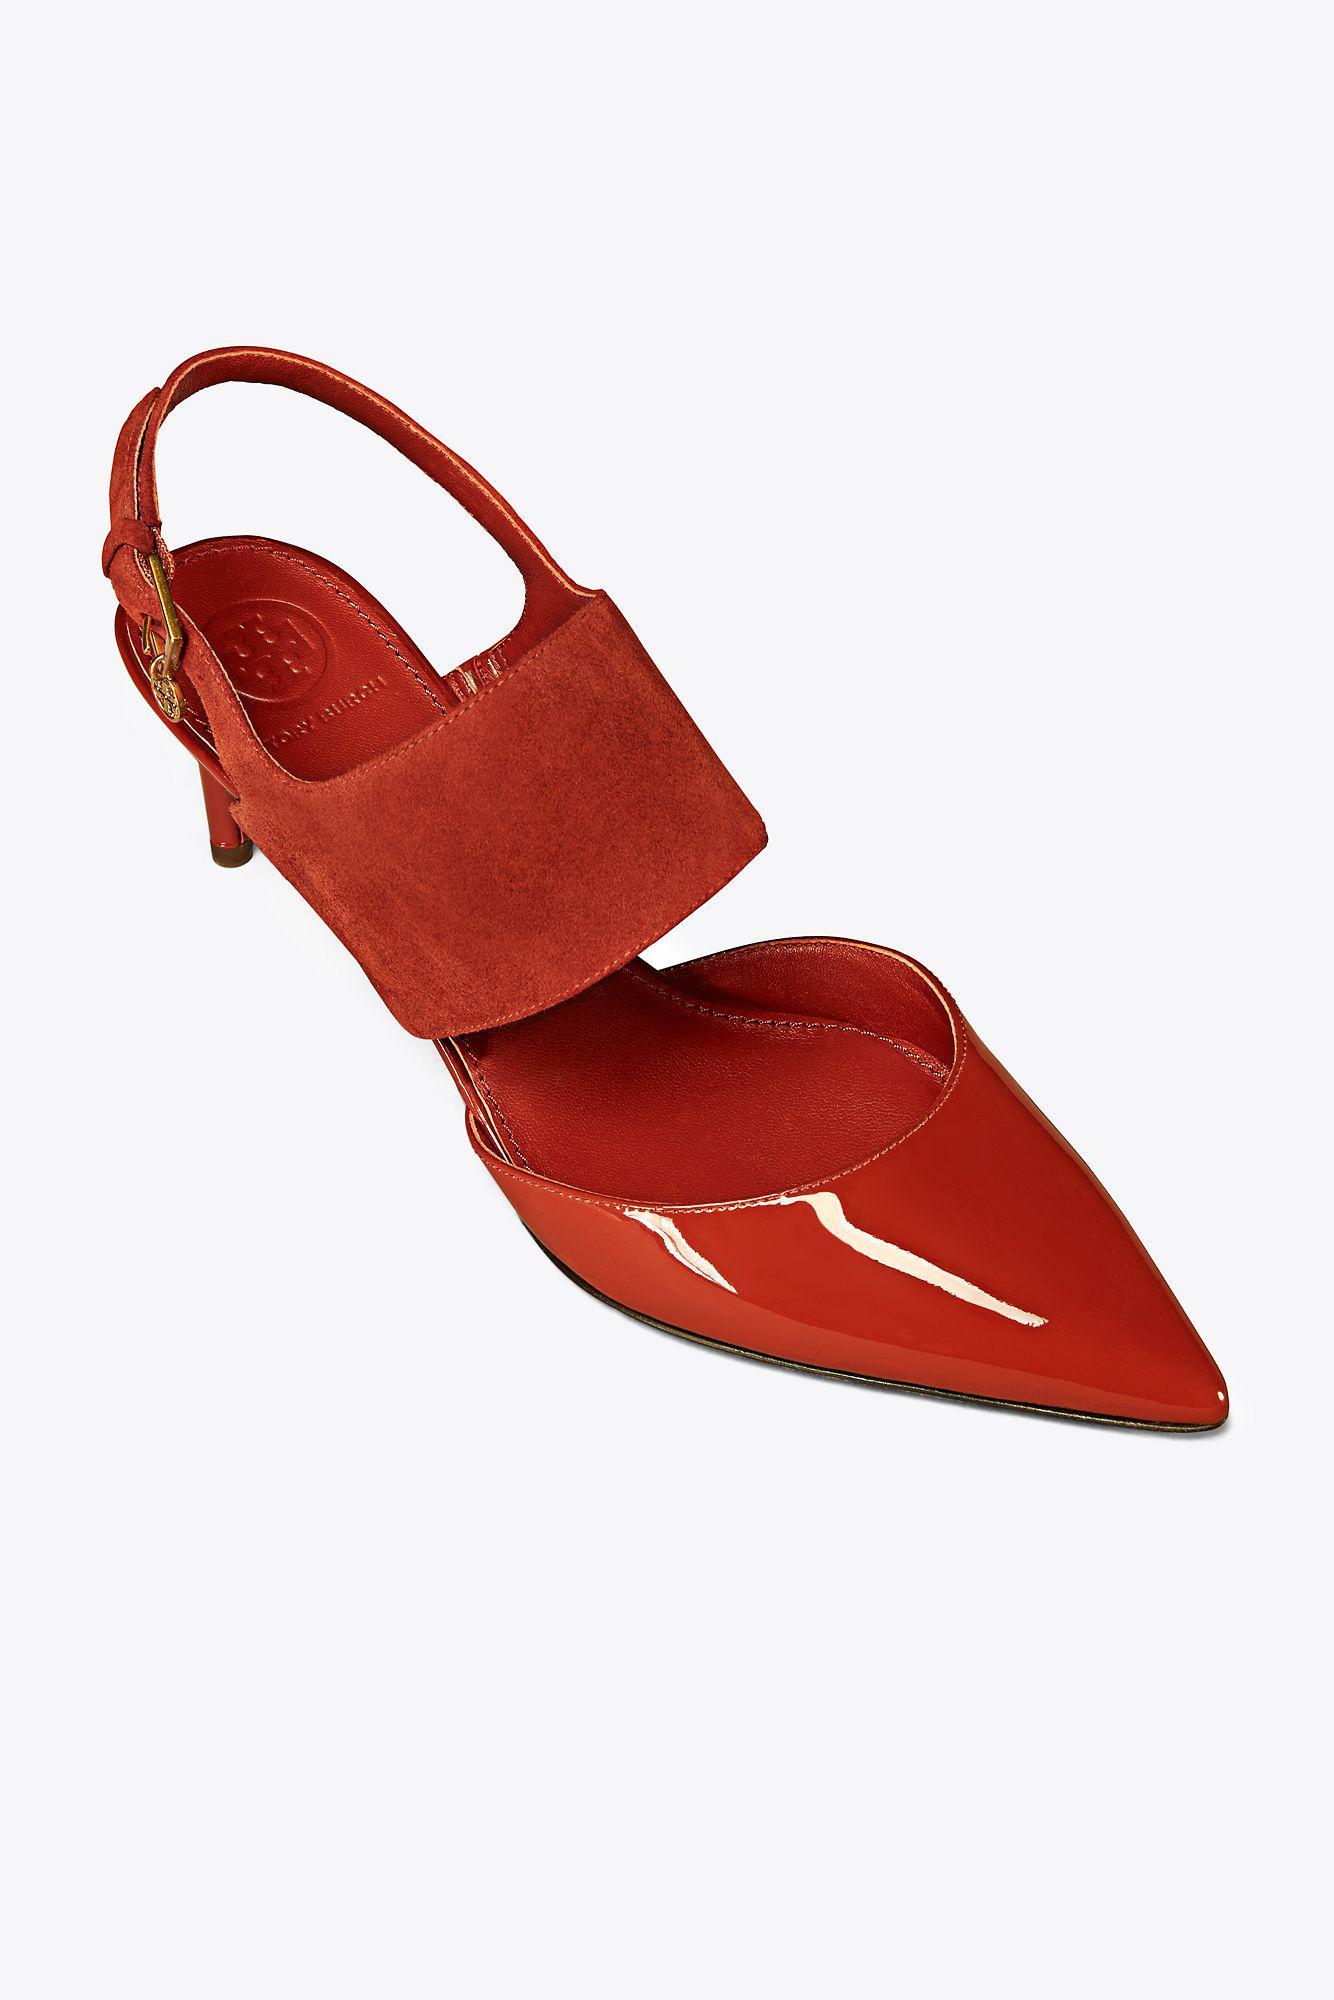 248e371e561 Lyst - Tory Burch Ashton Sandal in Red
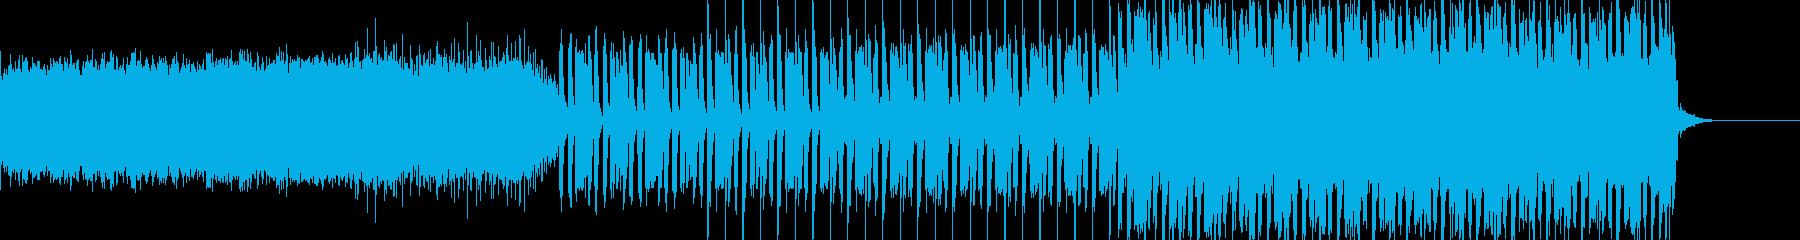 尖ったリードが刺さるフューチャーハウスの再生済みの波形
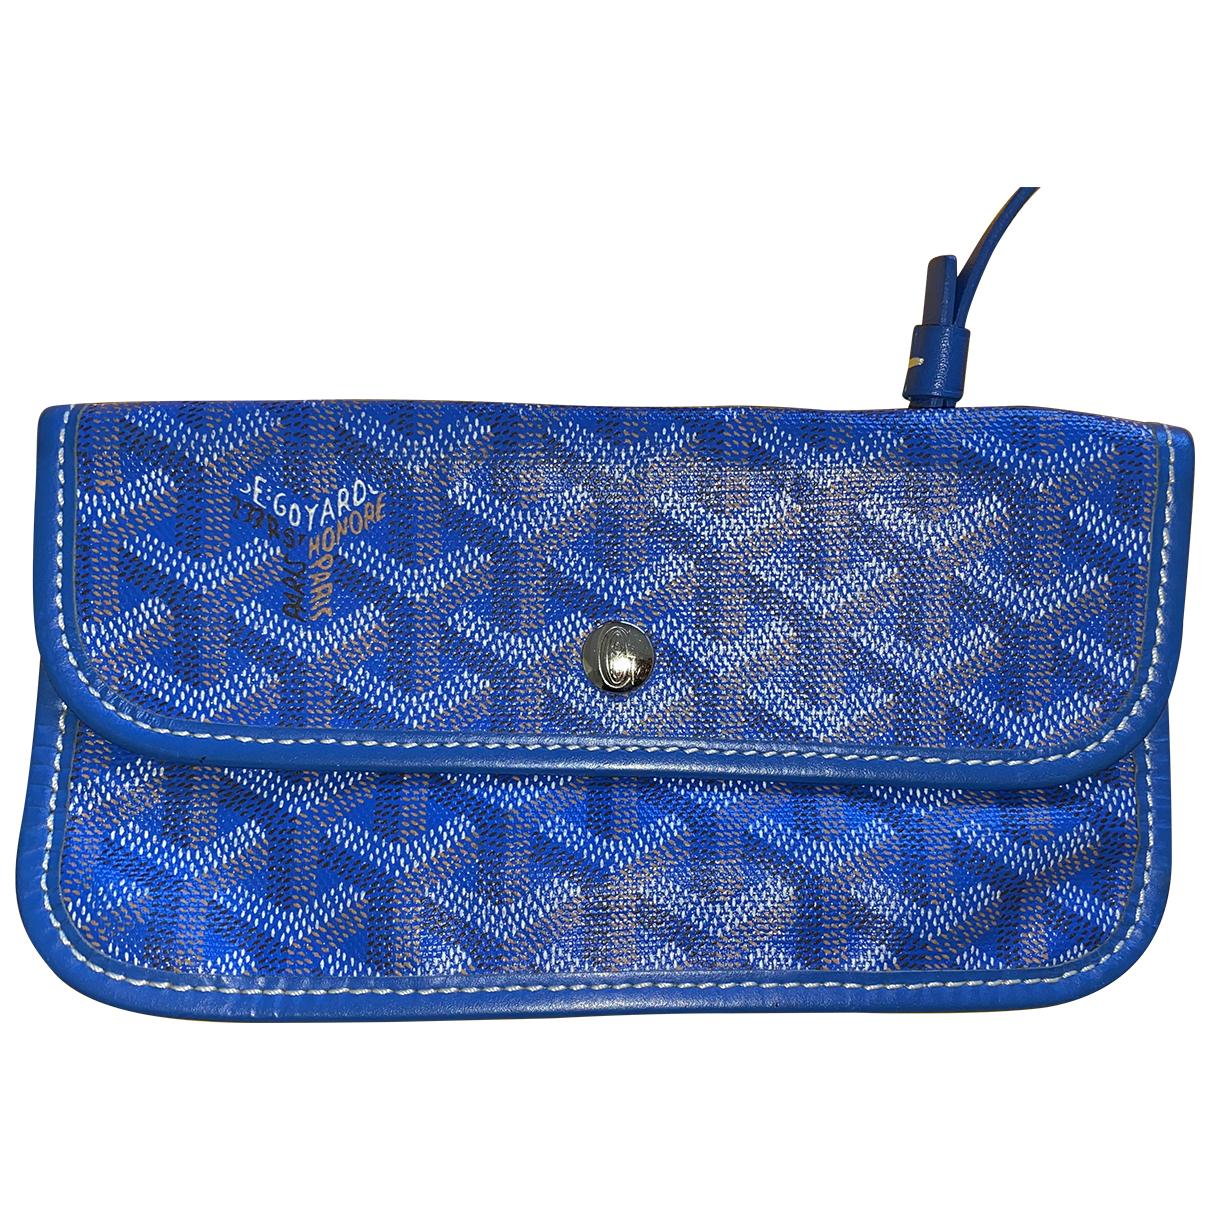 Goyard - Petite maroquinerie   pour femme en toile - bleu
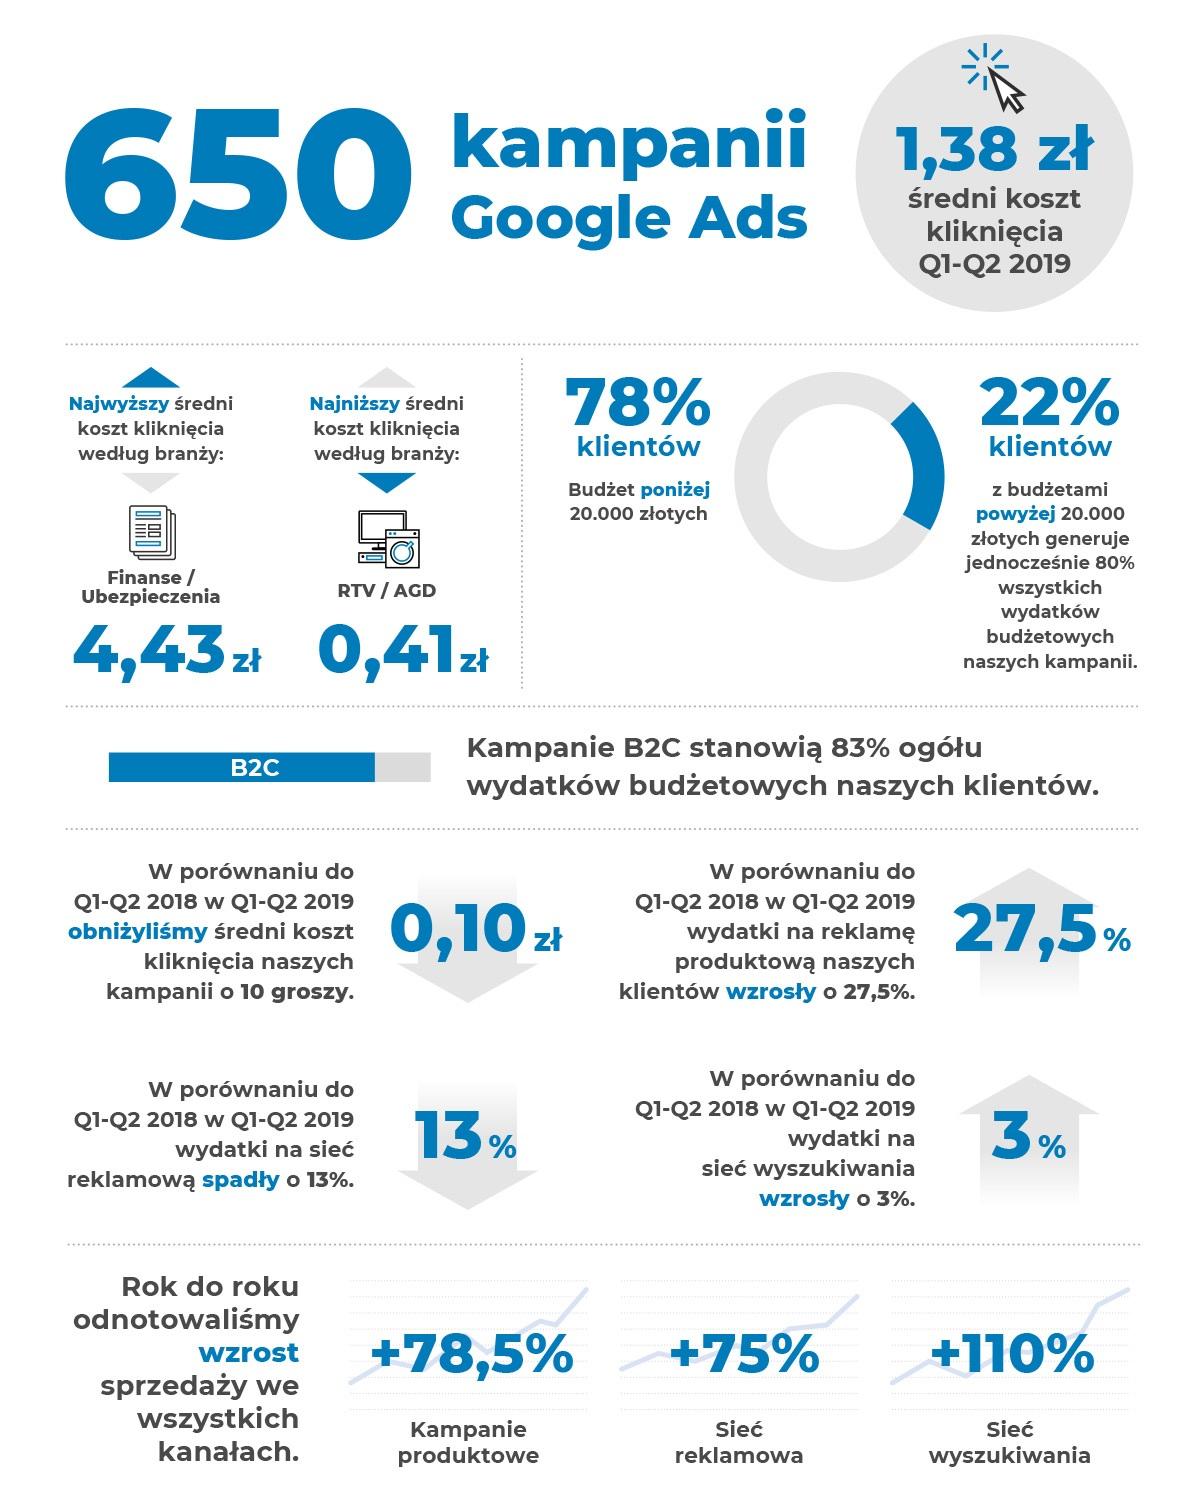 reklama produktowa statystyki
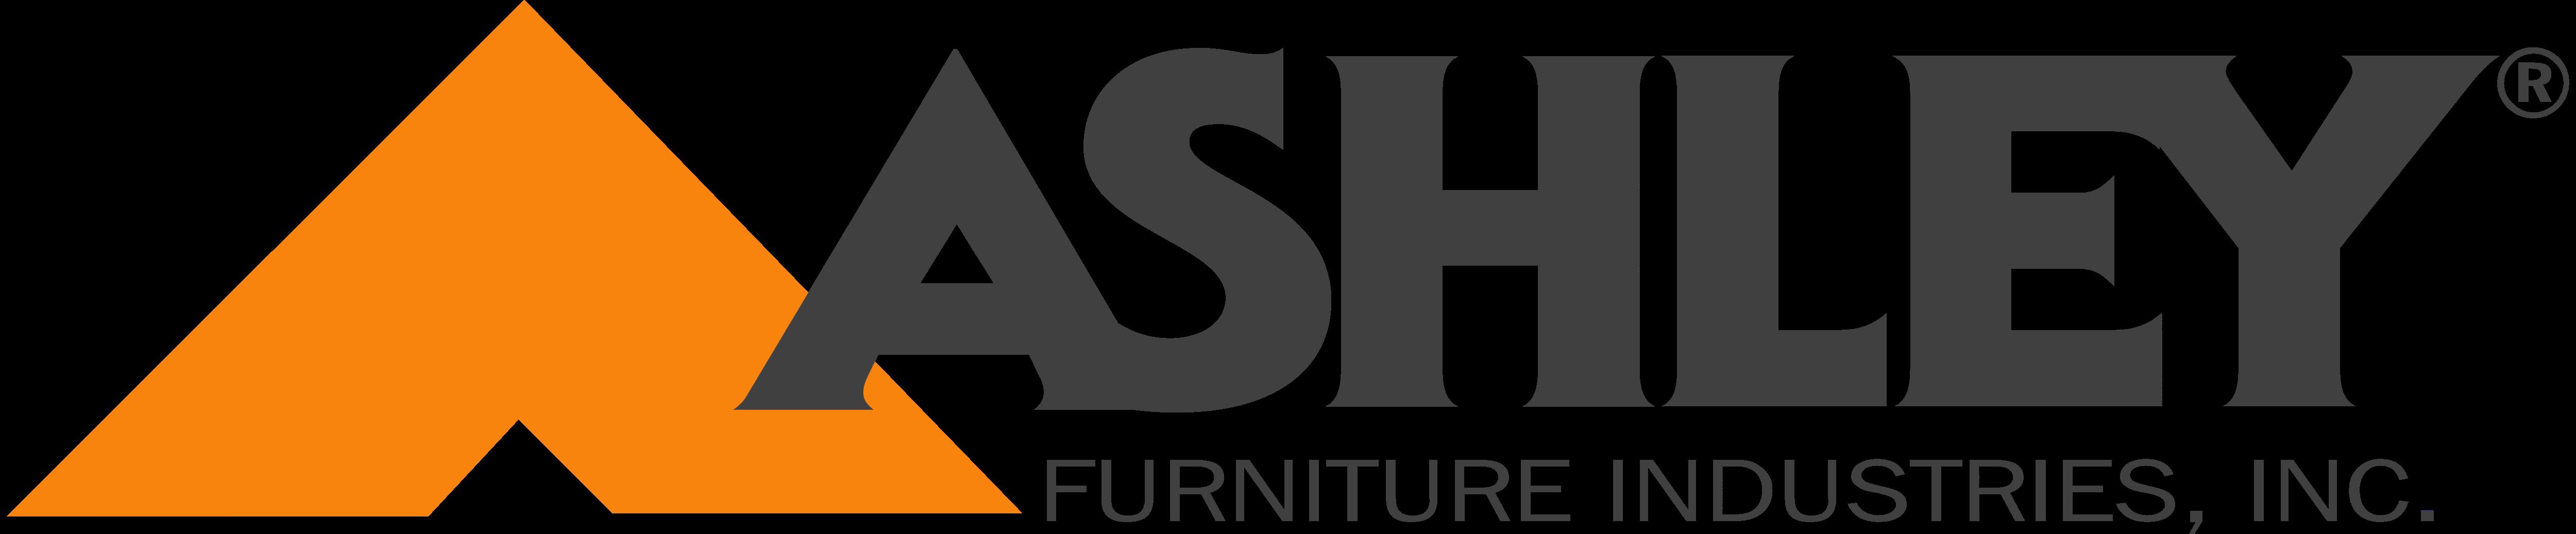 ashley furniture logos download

===

Word for word, write out each of the records, but not the pictures.

 248e371e561 Lyst - Tory Burch Ashton Sandal in Red
 尖ったリードが刺さるフューチャーハウスの再生済みの波形
 Goyard - Petite maroquinerie   pour femme en toile - bleu
 reklama produktowa statystyki
 ashley furniture logos download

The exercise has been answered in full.